The problem is that it’s really hard to make tender offers in toe-hold deals and not get accused of insider trading, which is why Ackman and Valeant avoided it. Insider trading rules are looser with informal shareholder referendums. White did not address the inconsistencies in the insider trading rules or the tender offer catch-22. Nevertheless, activists, you’ve been warned about toe-holds.

In general, White said there was an active debate about whether activists are good for the market and the economy, and that the SEC wasn’t going to take a side on the matter. But White said that activist investment funds now have $120 billion under management, up 30% from 2014. That’s a good sign that at least investors think activism is a good thing.

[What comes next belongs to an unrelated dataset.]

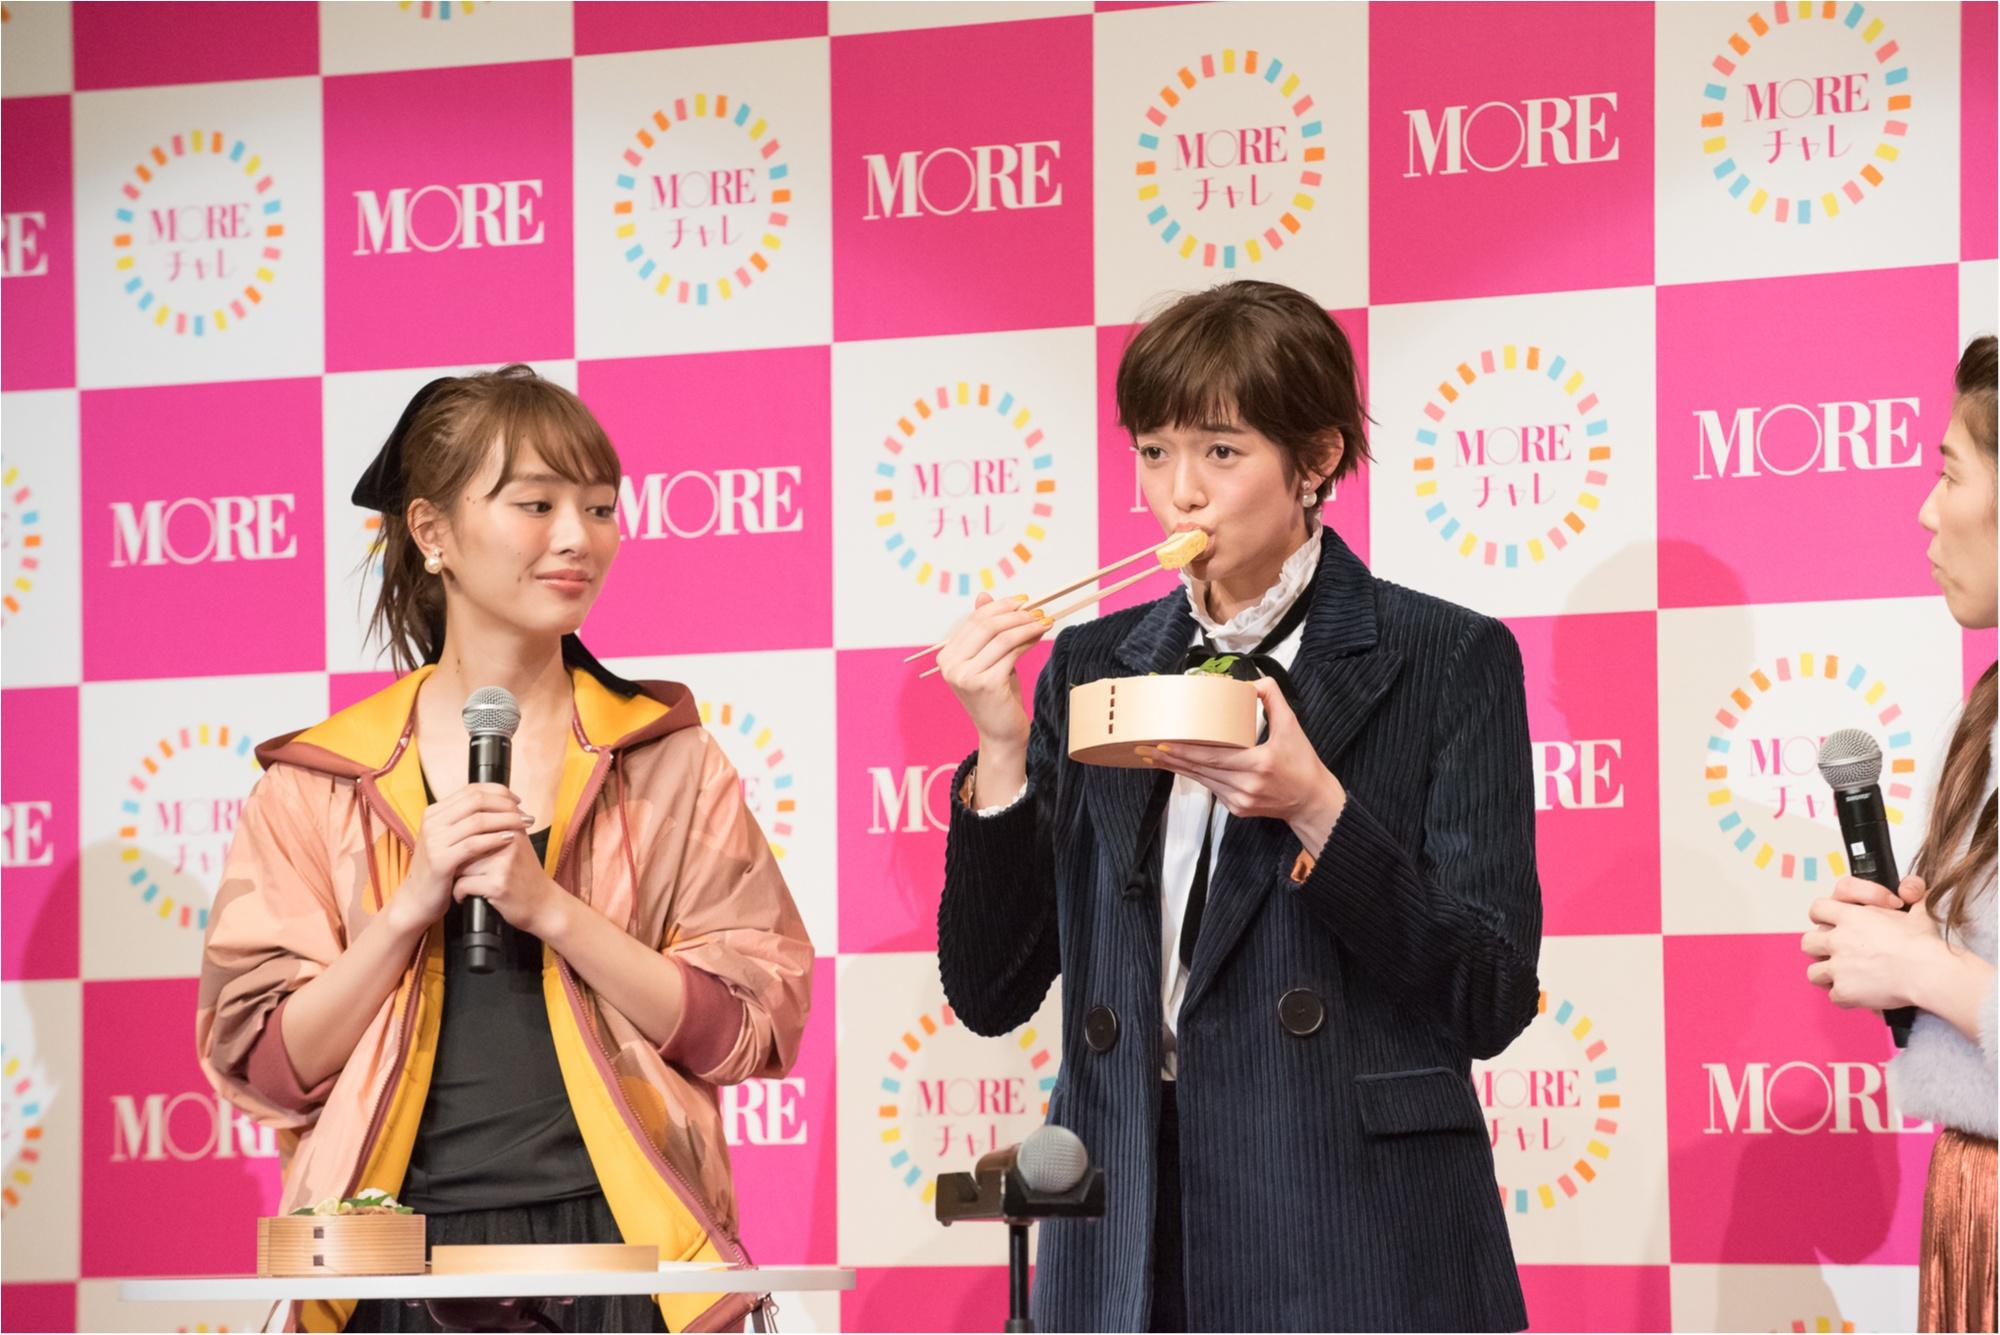 「モアチャレ」ついに完結☆ MORE40周年記念『モアチャレ』報告会イベントで、感動の涙と輝く笑顔に会えました!!!_7

Editor’s note: A previous version of this story suggested that Bill Ackman’s Pershing Square Capital took a less than 5% stake in Allergan to avoid issuing a filing with the SEC. In fact, Ackman’s firm took a 9.7% stake in the firm and, as required, filed a disclosure with the SEC. Also, at present, Ackman has not been subject to allegations that he manipulated shares of Herbalife. Rather, consultants and lobbyists Ackman hired have been involved in such investigations.